Lupe knows there is a benefit to hiring EPATT alumni as coaches.
“We are minorities, we live in East Palo Alto, and so we already have that connection,” Lupe says. “If we were to hire someone from like a high-end tennis academy and bring them here to EPATT, they’ll have nothing in common with these kids. The kids will be like, ‘Who is this guy?’ It just won’t work.”
The coaches understand what the kids are going through because the troubles and worries of their students were once their own.
During his time as a participant in the program, Vita was kicked out after he repeatedly failed to turn in his report cards. However, upon graduating high school, he returned to EPATT in the hopes of influencing the lives of kids in the same situation in which he grew up.
As coaches, Lupe and Vita’s roles transcend those of most tennis coaches. Given the kids’ limited tennis background, the coaches end up teaching a broader range of life skills that come with playing a competitive sport, such as problem-solving. While coaching intensive tennis skills becomes logistically difficult with only two hours twice a week, the coaches recognize that their goal is not to create professional tennis players, but to inspire a future generation.

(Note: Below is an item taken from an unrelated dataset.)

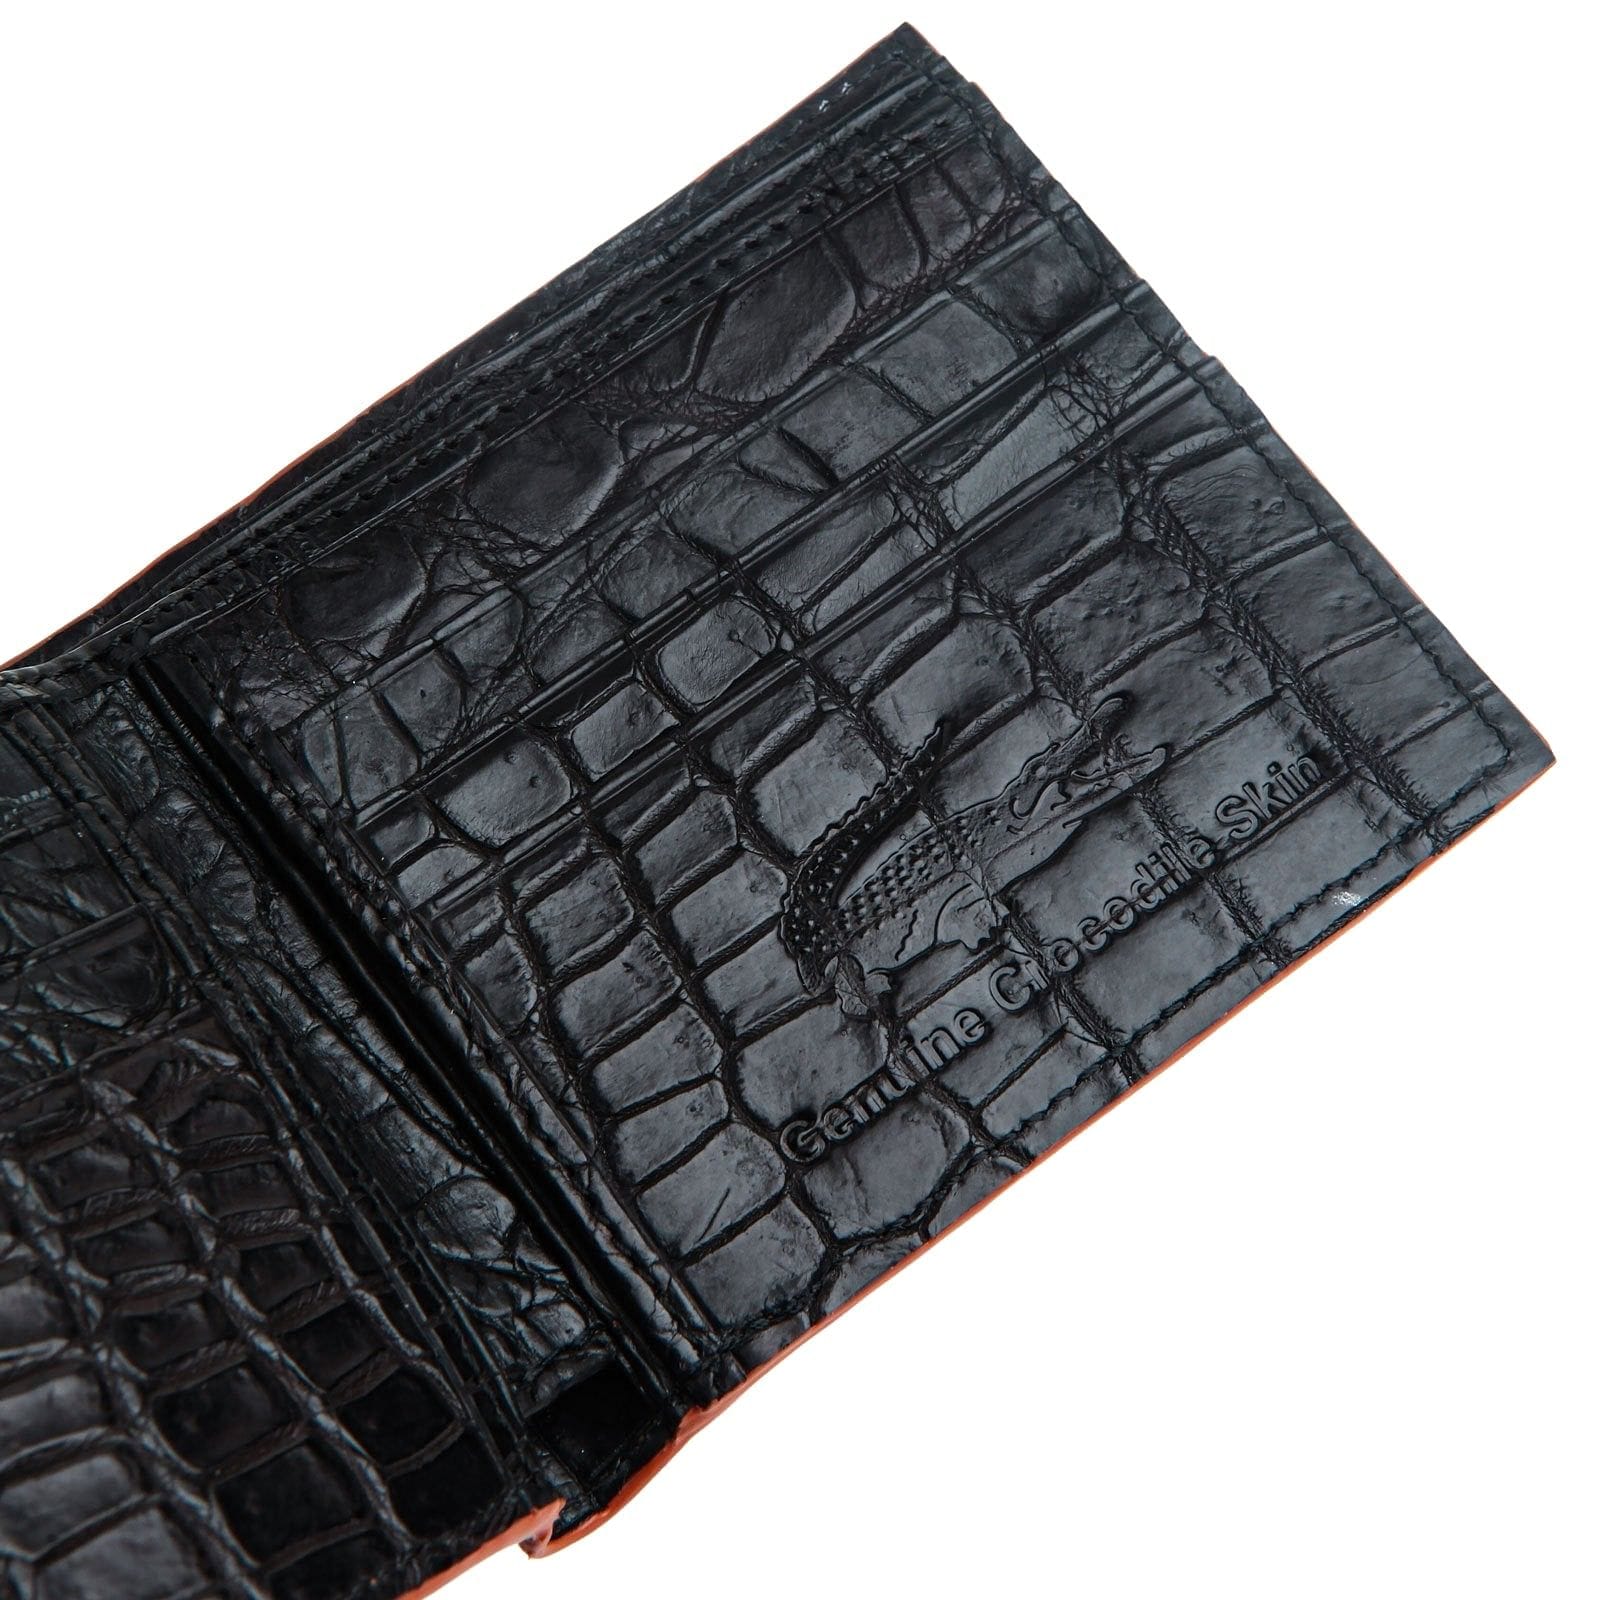 Double side Genuine alligator Crocodile leather skin brown bifold wallet  for men

“We are not going to produce the next [Roger] Federer [or] the next Serena Williams, so whatever [students] we get, we make the best,” Lupe says. For him, the most important messages he can teach the students are integrity and responsibility.
“Tennis is a one-on-one sport,” he says. “You can’t blame anyone else for your mistakes. You make a mistake, that’s you, you made it. Nobody else did.”
One thing is clear: under an example of success and excellence, through a tightknit community dedicated to sports and academics, EPATT is creating opportunities.
“At EPATT we encourage every kid to take each ball as an opportunity,” Lupe says. “Each ball you get is an opportunity to change and get better.”